Every lender operates differently – some keep the loans on their own books, so they have to determine what type of risk they can take. This depends on the portfolio already in existence and how you make it better or worse. Other lenders sell their loans to investors, which will have the final say in what they will or will not purchase. This is why there is not a set minimum credit score for non-QM loans – every lender will differ and they may even make stipulations up as they go depending on the circumstances each loan provides them with upon application.
How Non-QM Lenders Make up for Lower Credit Scores
If the reason you cannot obtain a QM loan is because your credit score is “low”, you will have to make up for the risk in fees. This is how lenders back themselves up, so to speak. They charge you more for the loan up front. This way, in the event that you default on your loan, they still made more money up front than they would have if you were a QM borrower. Of course, this does not mean they are going to lend to just anyone because they know they can charge more than the standard 3% in fees – they still have to make sure your risk is one they can handle as they want to do whatever they can to ensure that their borrowers do not default.
Ability to Repay
The Ability-to-Repay Rule is the easiest ways for lenders to determine if your loan is worth taking on despite the fact that it will not be considered qualified. Because it is non-qualified, it leaves the lender open to the risk of borrowers suing them if they are unable to afford the loan down the road. The Ability-to-Repay Rule, however, backs the lender up slightly. This rule ensures that every borrower shows ample evidence that he can afford the loan including its higher interest rate and/or fees.

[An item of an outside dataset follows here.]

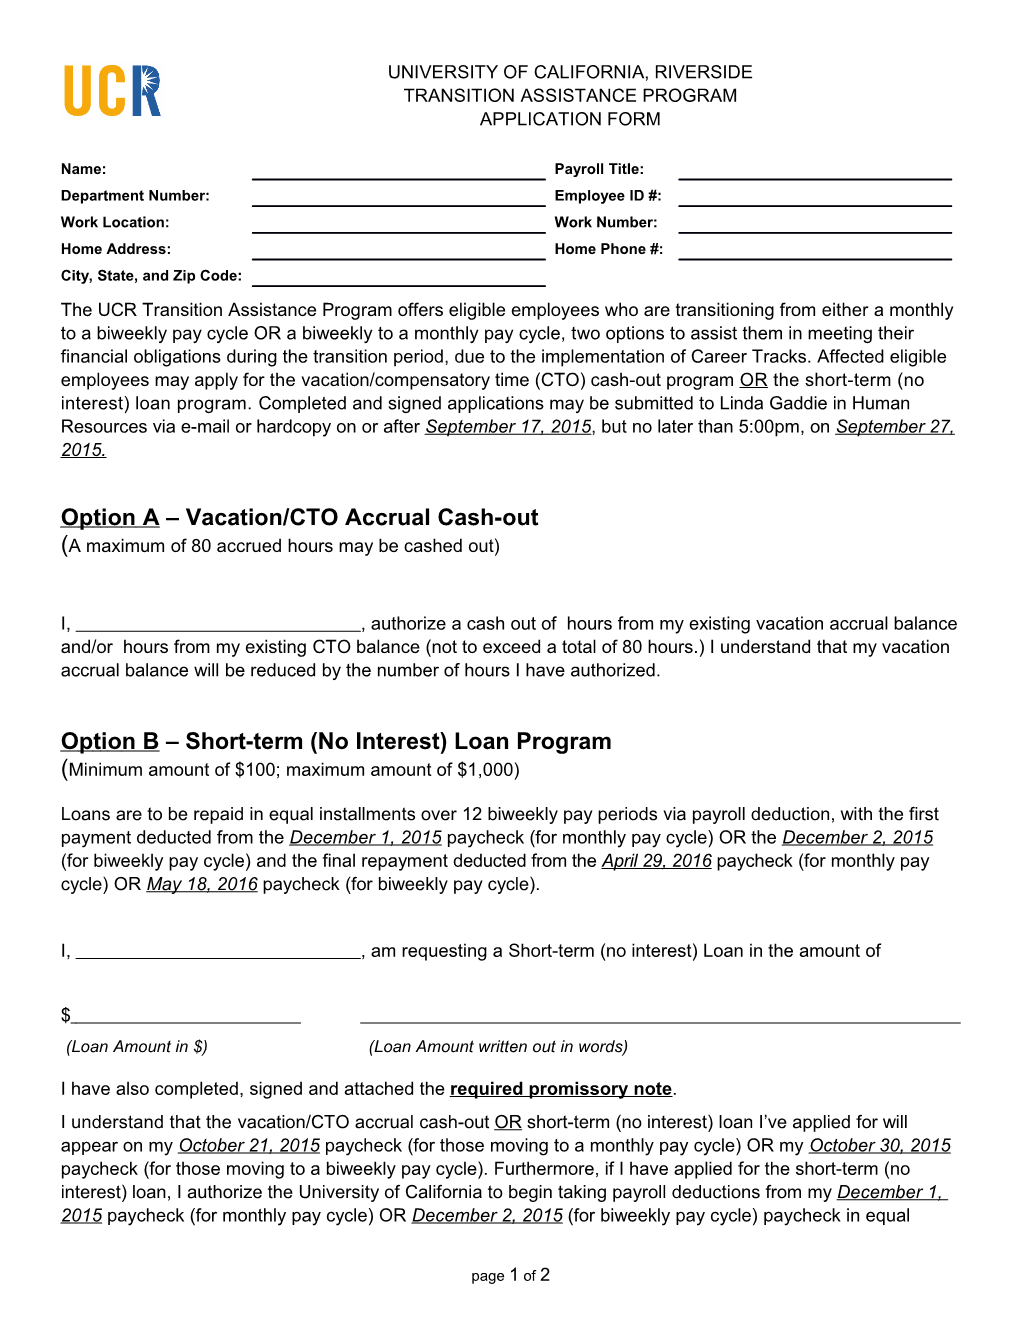 Option a Vacation/CTO Accrual Cash-Out

The Ability-to-Repay Rule looks at the following:
- Credit history
- Debt-to-income ratio
What this means is that the lender did its due diligence determining whether or not you can afford the loan. For example, if they take your loan despite the fact that your self-employment started just one year ago, they have to prove that you can show the income, reserves, responsible credit history, and manageable debt ratio. Typically a compensating factor for self-employed borrowers is adequate reserves as this offsets the fact that your income is not quite regular or looks to be that way based on your latest tax returns.
The Ability to Repay Rule is a way to keep lenders accountable for the loans they are providing borrowers without getting greedy. If a lender cannot prove beyond a reasonable doubt that a borrower can make his mortgage payments with or without self-employed income, for example, then he is not considered a good risk, even for non-QM loans.
Overall, lenders look at your entire loan profile, not just your credit score. This should be encouraging for borrowers that have a slightly lower credit score, yet have compensating factors. Even if Fannie Mae’s Desktop Underwriting program turns you away, it does not leave you without the ability to get a loan. Finding lenders that offer non-QM loans is not as difficult as it once was a few years past; more and more lenders offer them, it just depends on the level of risk they are willing to take. Remember, every lender needs to balance out their portfolio by diversifying their risk. They will only take a certain number of loans with a high debt-ratio; a certain number with low credit scores; and a certain number of self-employed borrowers, just as an example. If one lender turns you down it is not because your loan profile makes you unqualified; it could just mean that you are unqualified for the type of loan they are trying to fit into their portfolio.